Мать со вздохом закрыла дверь, и последние снежинки упали на половицы сеней. Начала расстегивать обледенелый воротник закоченевшими пальцами. Её лицо было бледным, худым, с тусклыми глазами.
Мать сглотнула, тяжело дыша, посмотрела на него, перевела мутный взгляд куда-то вперед и положила холодную сухую ладонь на голову сына.
- Всё будет... - еле слышно произнесла она. - Всё будет, сыночек... - и, шаркая, направилась в комнату.
Янька подбежал к завалившейся на топчан матери и начал стаскивать с нее валенки.

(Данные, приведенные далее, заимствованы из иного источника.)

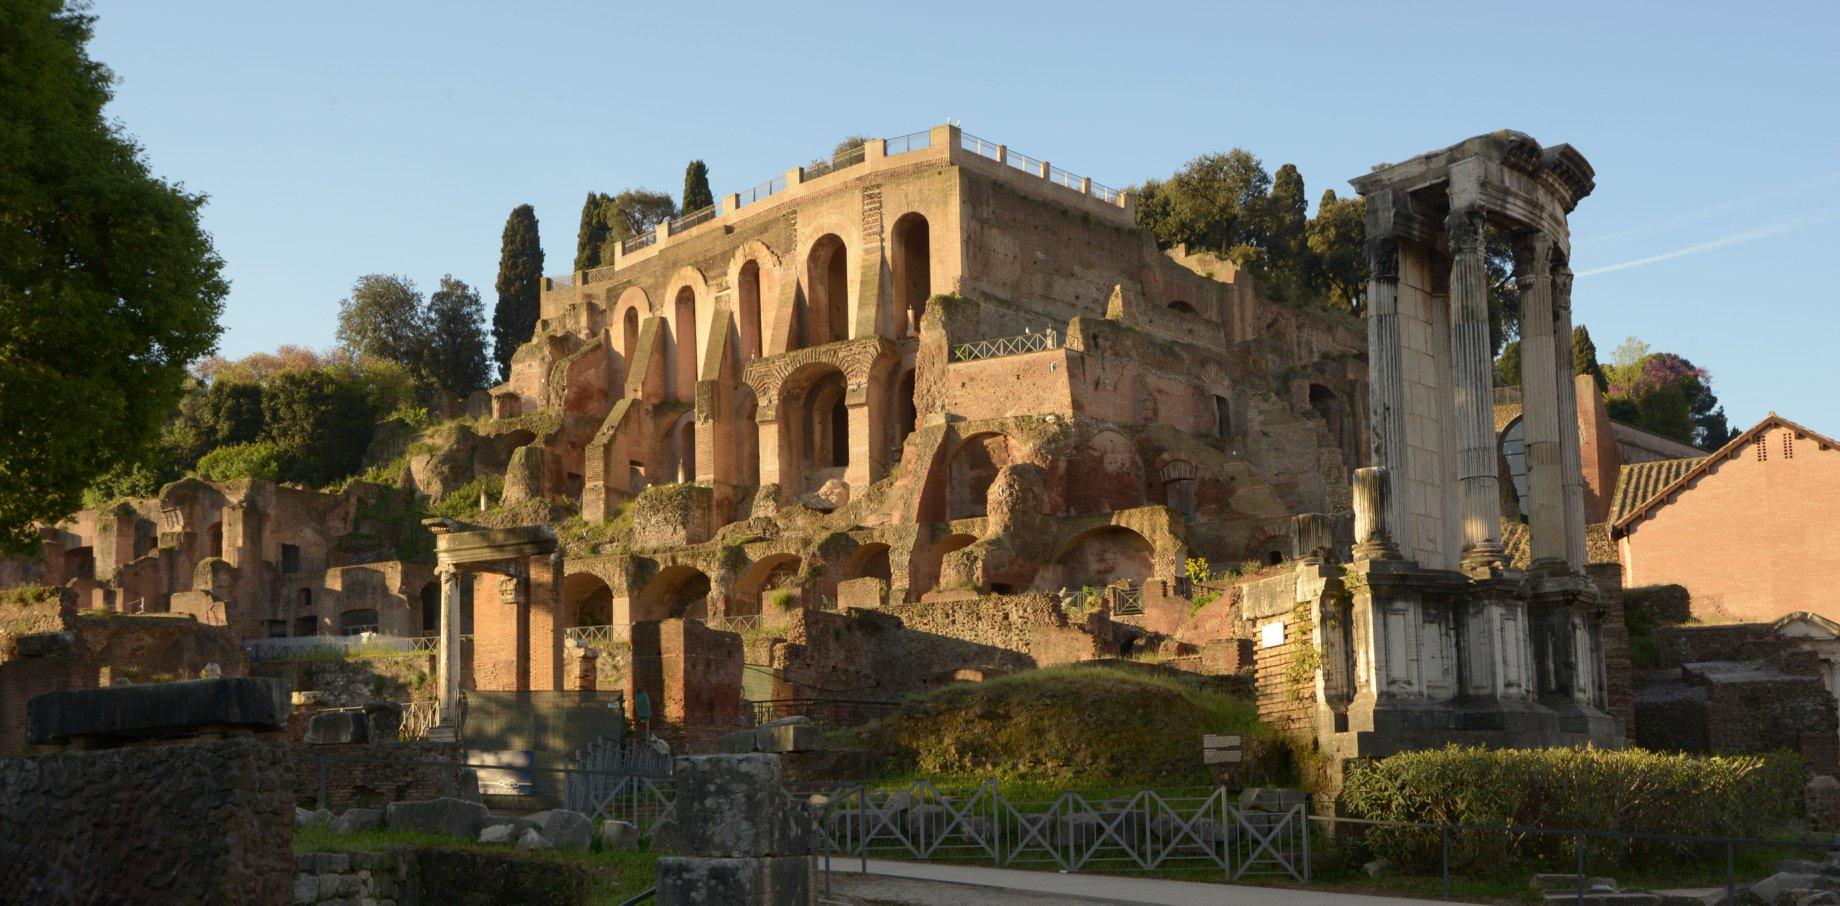 Meraviglie romane. Dopo 40 anni torna visitabile la Domus Tiberiana

- Может дать чего? Мамка? - глаза сверкали в скудном свете лучин. - Скажи! Я к дядьке Макару побегу...
- Не надо к дядьке Макару, - сглотнув прошептала мать.

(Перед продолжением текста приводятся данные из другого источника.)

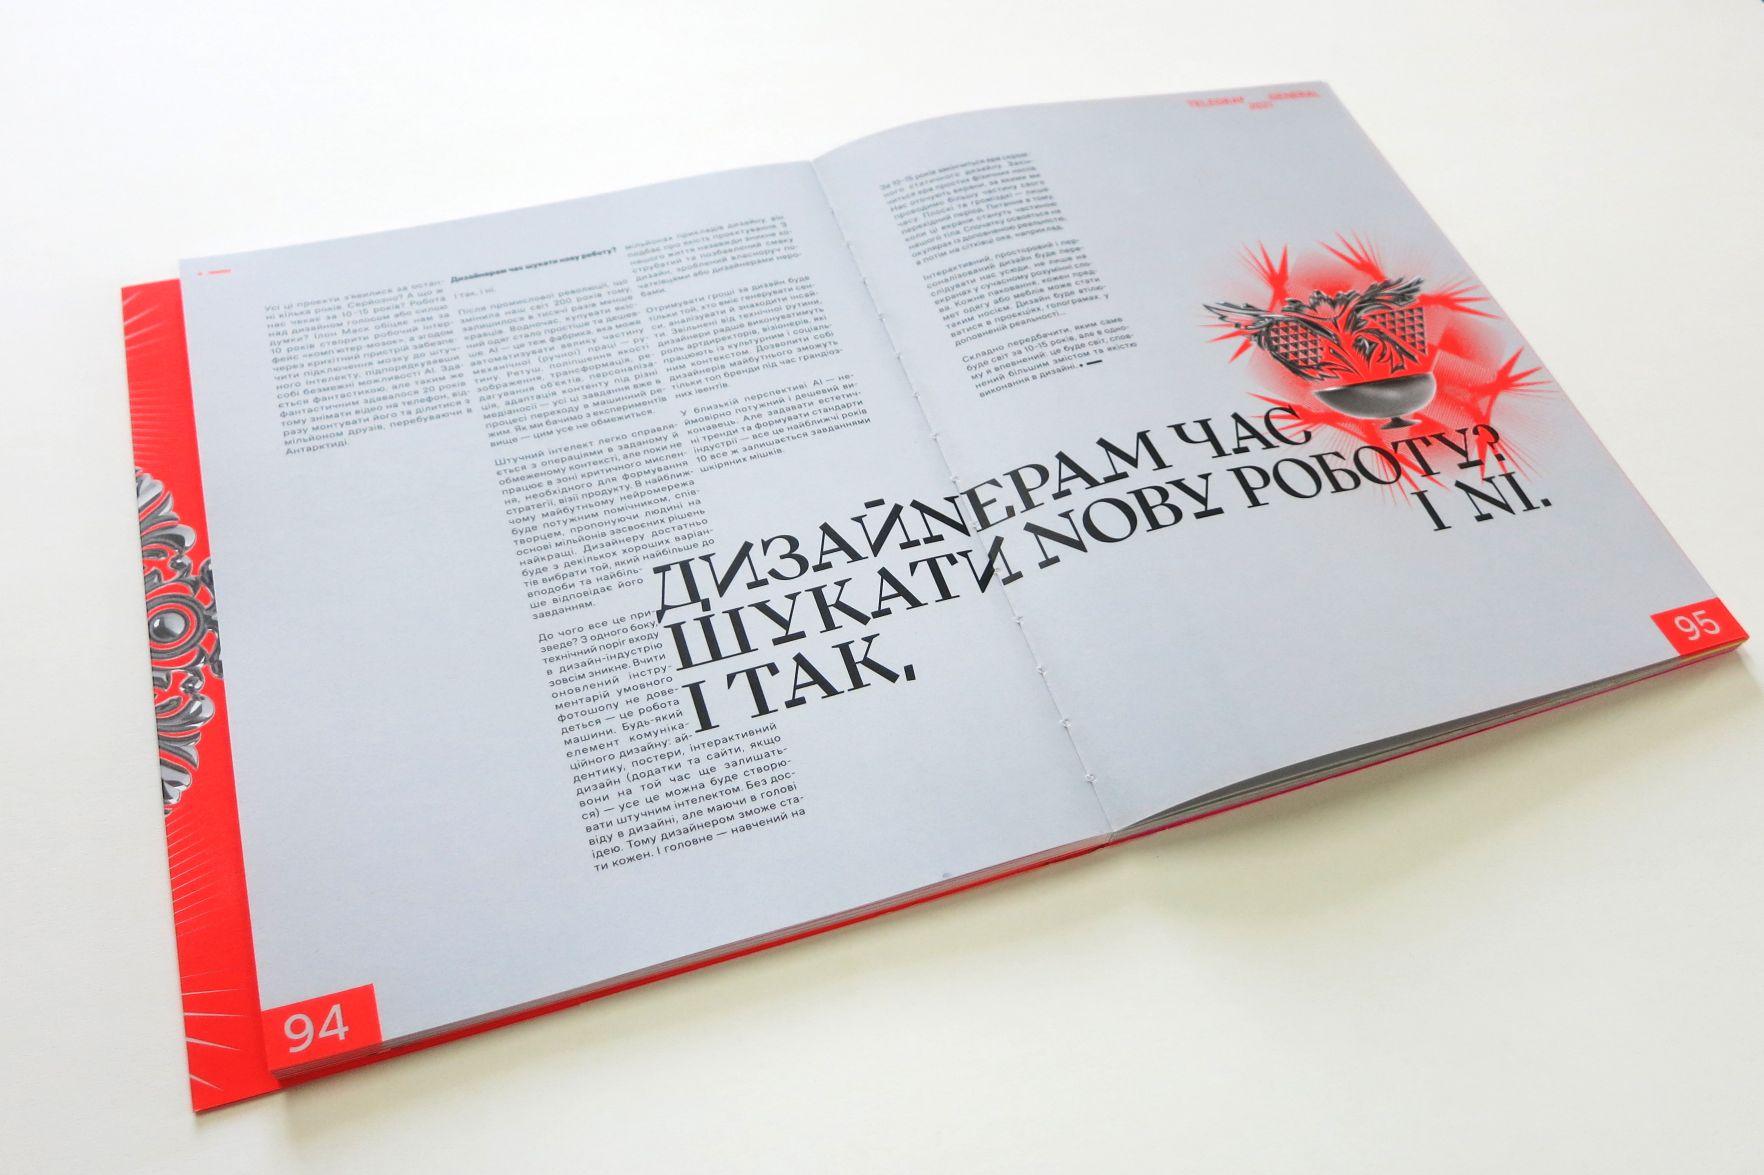 Наше портфоліо: Журнал Telegraf.Design

- Может дать чего? - повторил ребенок, сжав в ладошках холодную руку матери, и не без горечи подумал, что дать-то нечего. Дом был пуст, мать продала все, что смогла. От ложек с вилками, до стульев.
- Всё хорошо, сыночек. Всё хорошо, - лежа с закрытыми глазами, шептала мать. - Мама поспит немножко, а потом придумает... что-нибудь приготовит... - Янька слушал ее шумное дыхание, перебивающее вой метели за окном.
- Янык, - Янька взглянул на сестру, что стояла в дверях и терла сонные глаза, - кушать хочу.
- Иди ложись, - пробурчал мальчик. - Мамка спит. И ты спи. Проснется - даст поесть. А пока спи.
- Я кушать хочу, Янык...
Янька грубо взял сестренку за плечо и втолкнул в спальню:
- Спи, я сказал! Мамка спит, и ты спи.
Ночью мать громко стонала, вяло хватая руками воздух, и не слышала Яньку.
На утро мать не просыпалась, так и лежала, тихо хрипя. Даже не ворочалась. Янька накинул отцовский латаный тулуп и побежал к дяде Макару. На улице мело. Янька увидел несколько холмиков на дороге и понял, что это лежит. Дом дяди Макара был пуст, дверь настежь. Внутри уже ничего не осталось, кроме мебели. Дядька Макар лежал на полу, лицом вниз, поджав под себя правую руку, левая его рука со скрюченными пальцами растянулась вдоль досок.
- Ты что, Мила?
Янька хлопал глазами. Его сестренка ползала на коленях, выуживала из-под топчана, на котором лежала мать, что-то невидимое и отправляла в рот.
- Мила! - Янька сбросил безразмерную шубу, выпрыгнул из валенок и кинулся к сестре. - Не надо! Не ешь крошки! Дура! Нельзя! - он схватил ее за руки, большие водянистые глаза смотрели куда-то сквозь него, рот медленно пережевывал пустоту. Прижал к себе. - Нельзя... Дурёха. Терпи. Мамка скоро проснется. Отец воротится... Что ж он скажет, если узнает? Он же вернется к нам. Вернется... - Янька со стыдом почувствовал жгучие полоски на своих щеках.
К вечеру мать умолкла. Янька пытался разбудить ее, но не вышло. Она стала холодной, и ее лицо становилось чужим.
Когда Янька ложился спать, обнимая дрожащее тело сестренки, перед его глазами стояла мать, улыбающаяся и счастливая. И отец. И цветущее поле, полное пчел и стрекоз.